La catastrophe de l'Holocauste (1939–1945) a décimé les centres européens d'apprentissage rabbinique qui avaient soutenu une grande partie de ce que l'on appelle aujourd'hui le judaïsme orthodoxe. Pour les adhérents, l'Holocauste a été à la fois un traumatisme communautaire et la terminaison de nombreuses lignées rabbiniques vivantes ; pour les historiens, il a marqué une rupture qui a accéléré le déplacement des institutions orthodoxes vers les États-Unis, Israël et ailleurs. La reconstruction d'après-guerre a apporté un mélange complexe de continuité et d'innovation : des yeshivot d'avant-guerre rétablies à Brooklyn, Lakewood (New Jersey) et Jérusalem ; des cours hassidiques reconstitués dans de nouvelles géographies ; et de nouvelles autorités rabbiniques nées en Amérique émergeant dans des contextes sociaux modifiés.
La création de l'État d'Israël en 1948 a encore compliqué la compréhension de soi des orthodoxes. Les sionistes religieux, inspirés en partie par des figures du début du 20e siècle telles qu'Abraham Isaac Kook, ont vu le retour politique en Terre d'Israël comme ayant une signification nationale et théologique et ont cherché à mêler la vie halakhique à l'engagement civique sioniste. D'autres groupes orthodoxes, en particulier certains secteurs haredim, ont abordé le sionisme avec plus d'ambivalence ou d'opposition, entraînant des tensions institutionnelles et politiques qui perdurent. Les réponses divergentes au sionisme—allant de l'adhésion idéologique totale à l'accommodement prudent en passant par l'opposition—constituent l'un des débats internes définissant le judaïsme orthodoxe.
Depuis le milieu du 20e siècle jusqu'à aujourd'hui, le terme "judaïsme orthodoxe" couvre une large gamme de communautés dont le dénominateur commun est l'engagement halakhique. Cela inclut des communautés orthodoxes modernes qui s'engagent dans des professions séculières et des universités tout en maintenant la halakha, des communautés haredim qui privilégient la séparation communautaire et souvent l'étude en yeshiva, et des cours hassidiques qui se centrent sur des rebbes dynastiques et des emphases spirituelles distinctes. Chaque courant trace une continuité avec le corpus rabbinique et avec des codifications juridiques antérieures telles que le Shulchan Aruch, même s'ils divergent dans les priorités éducatives, les modes de rencontre avec la modernité et l'organisation sociale.

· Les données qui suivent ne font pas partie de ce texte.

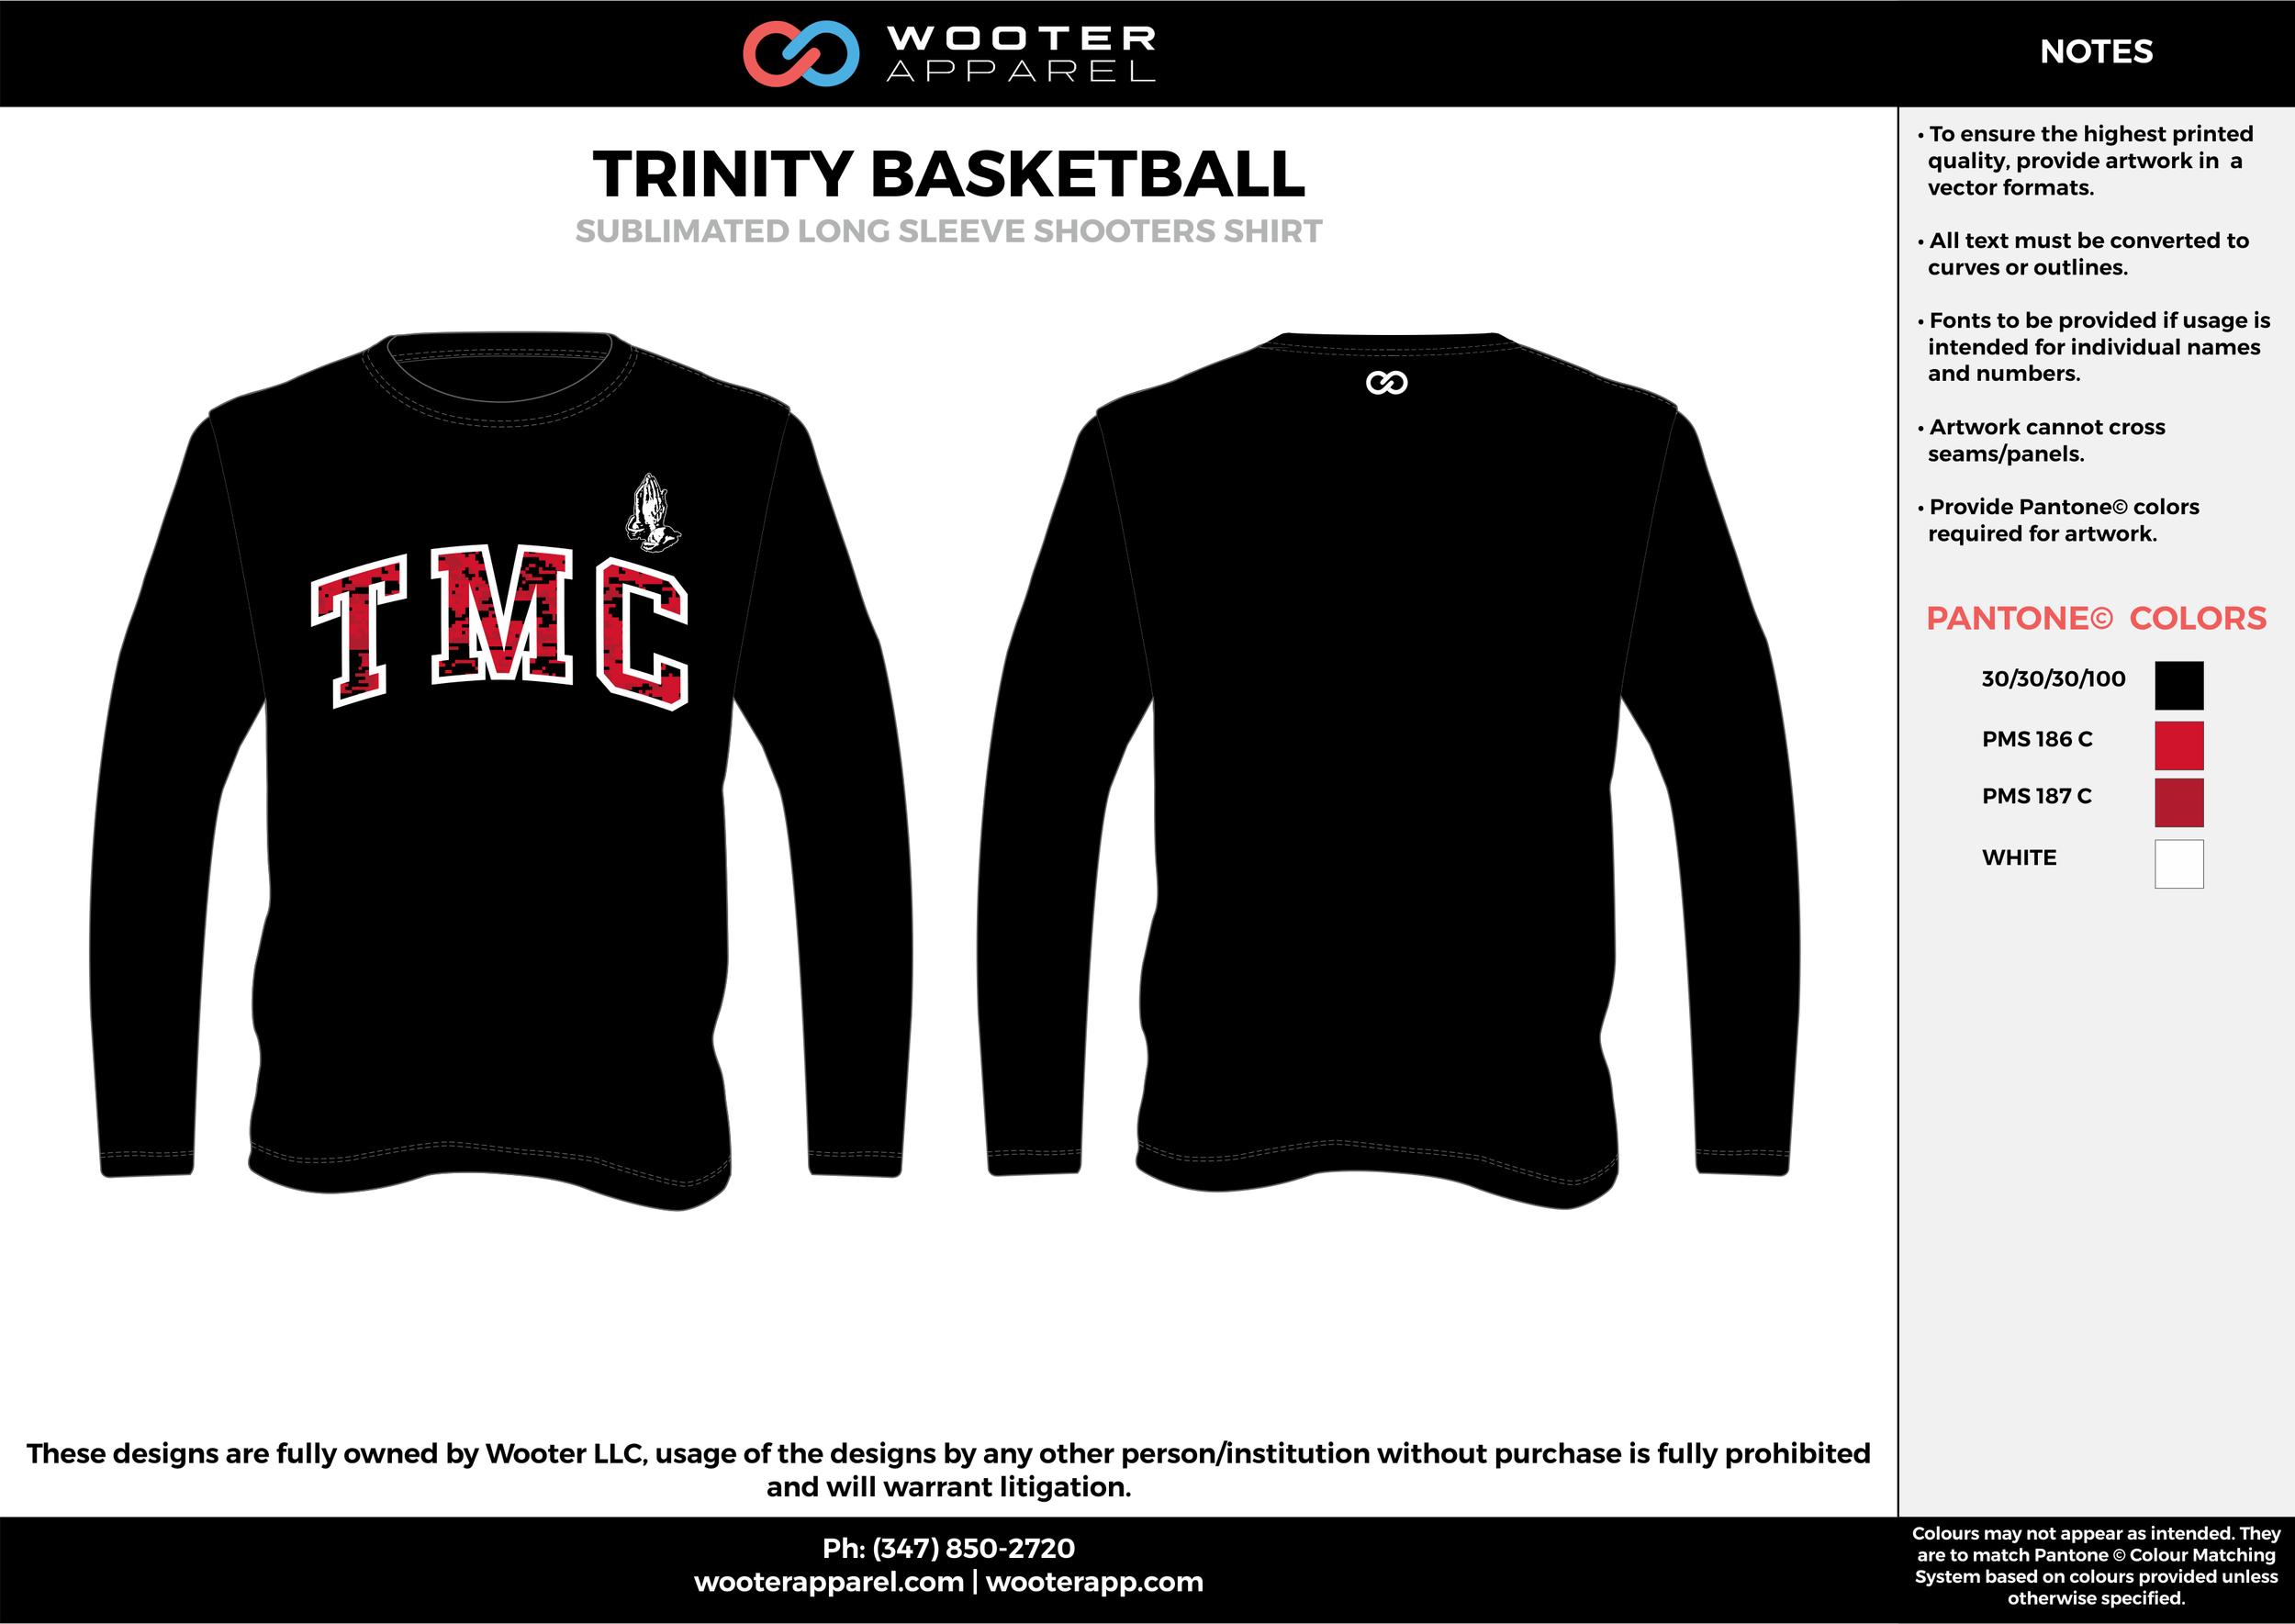 TRINITY BASKETBALL black red white Basketball Long Sleeve Shooting Shirt

L'arc historique de la destruction du Temple aux institutions de l'orthodoxie du 21e siècle combine ainsi la continuité de la méthode juridique avec des formes institutionnelles adaptatives. Des textes concrets—la Michna (vers 200 de notre ère), le Talmud babylonien (rédaction vers le 5e siècle) et le Shulchan Aruch (1563)—ancrent les revendications de continuité, tandis que des événements modernes—la Haskalah, l'Holocauste et la fondation de l'État d'Israël—expliquent pourquoi l'étiquette moderne "orthodoxe" a émergé et pourquoi la vie orthodoxe contemporaine est géographiquement dispersée. La tension entre la fidélité à la loi reçue et les pressions des contextes politiques, sociaux et intellectuels changeants a animé la formation orthodoxe depuis le début et continue de façonner les débats sur l'identité, l'autorité et la pratique.